--- The task ---
Transcribe all of the data exactly. Omit the pictures.

--- Supplied data ---
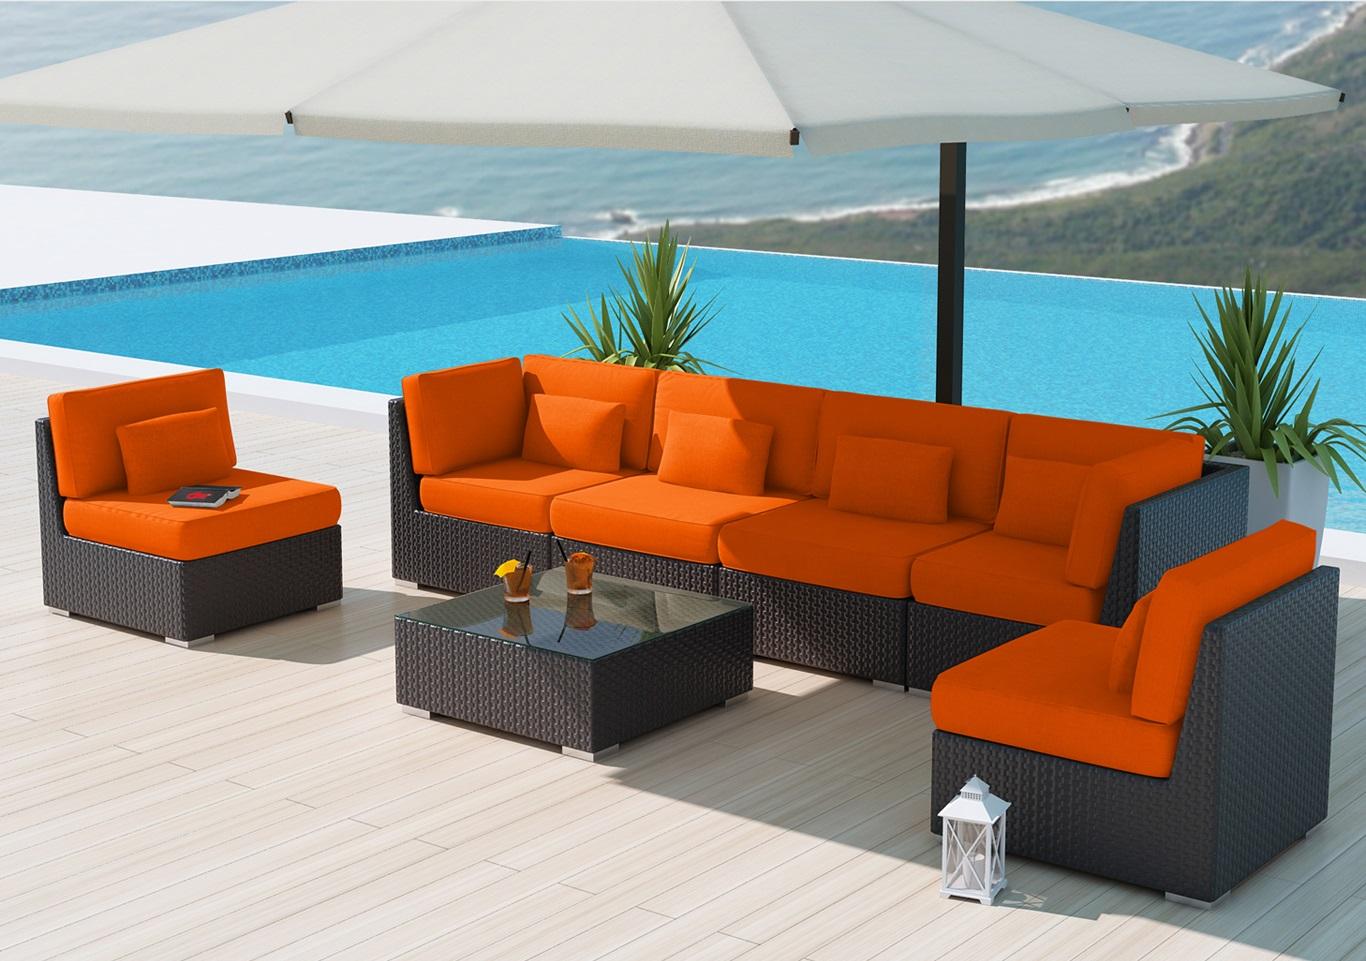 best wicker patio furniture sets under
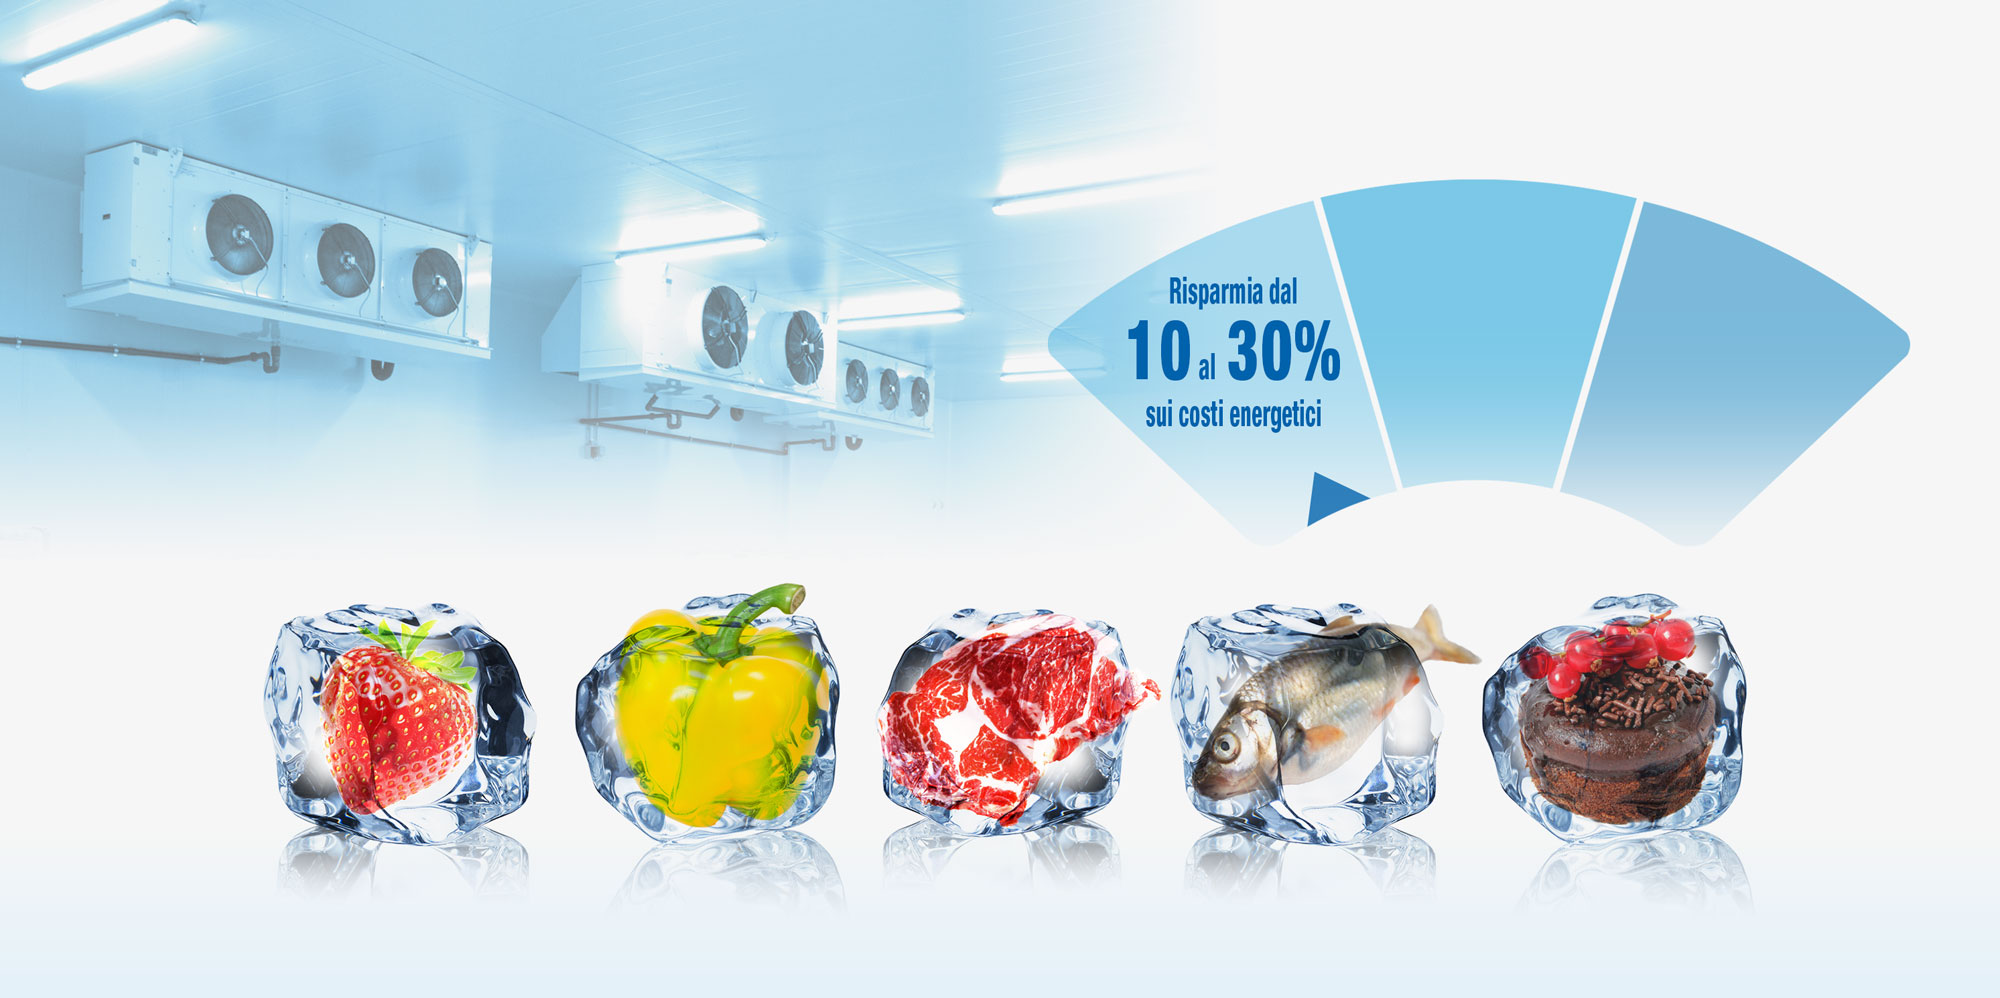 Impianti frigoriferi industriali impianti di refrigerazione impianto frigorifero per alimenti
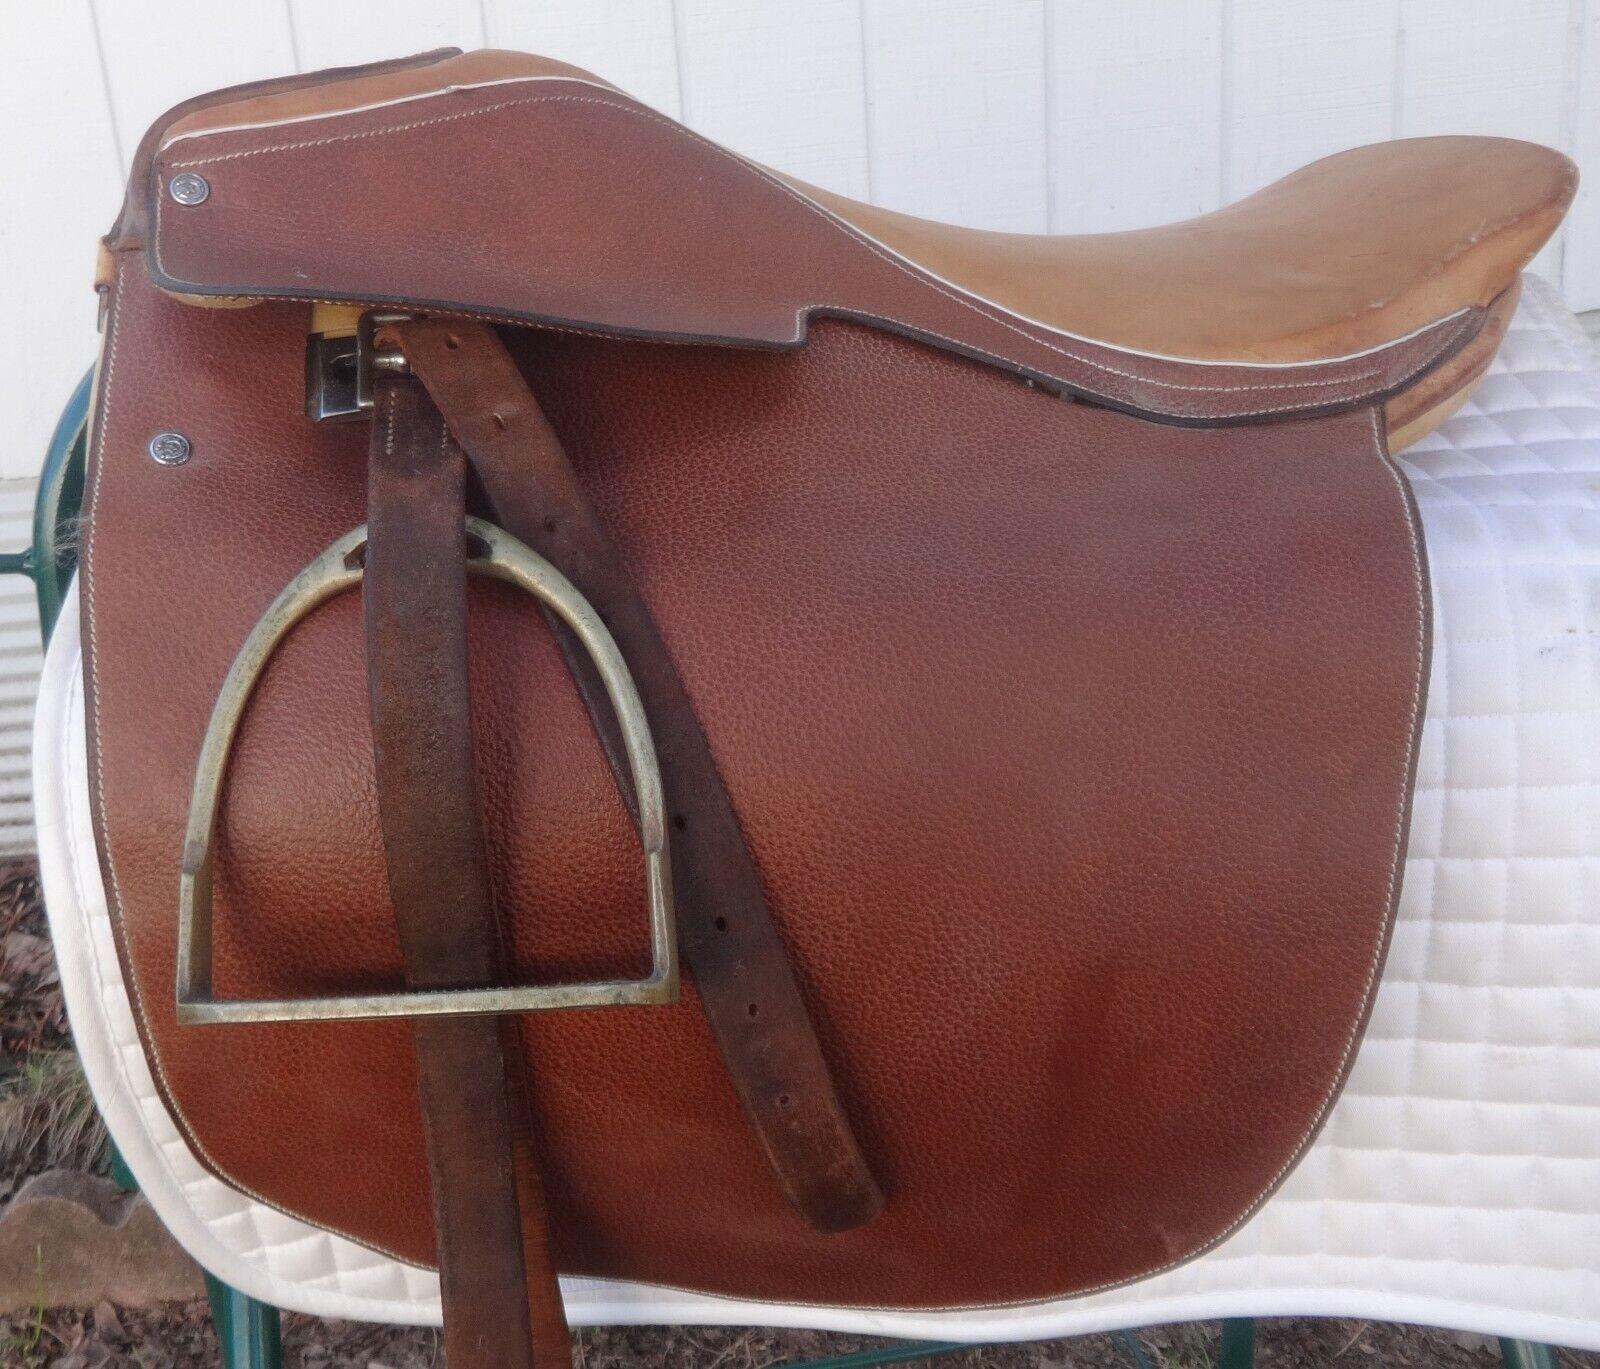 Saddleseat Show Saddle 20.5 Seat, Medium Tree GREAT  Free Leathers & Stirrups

--- Task solution ---
 best wicker patio furniture sets under
 Impianti frigoriferi industriali impianti di refrigerazione impianto frigorifero per alimenti
 Saddleseat Show Saddle 20.5 Seat, Medium Tree GREAT  Free Leathers & Stirrups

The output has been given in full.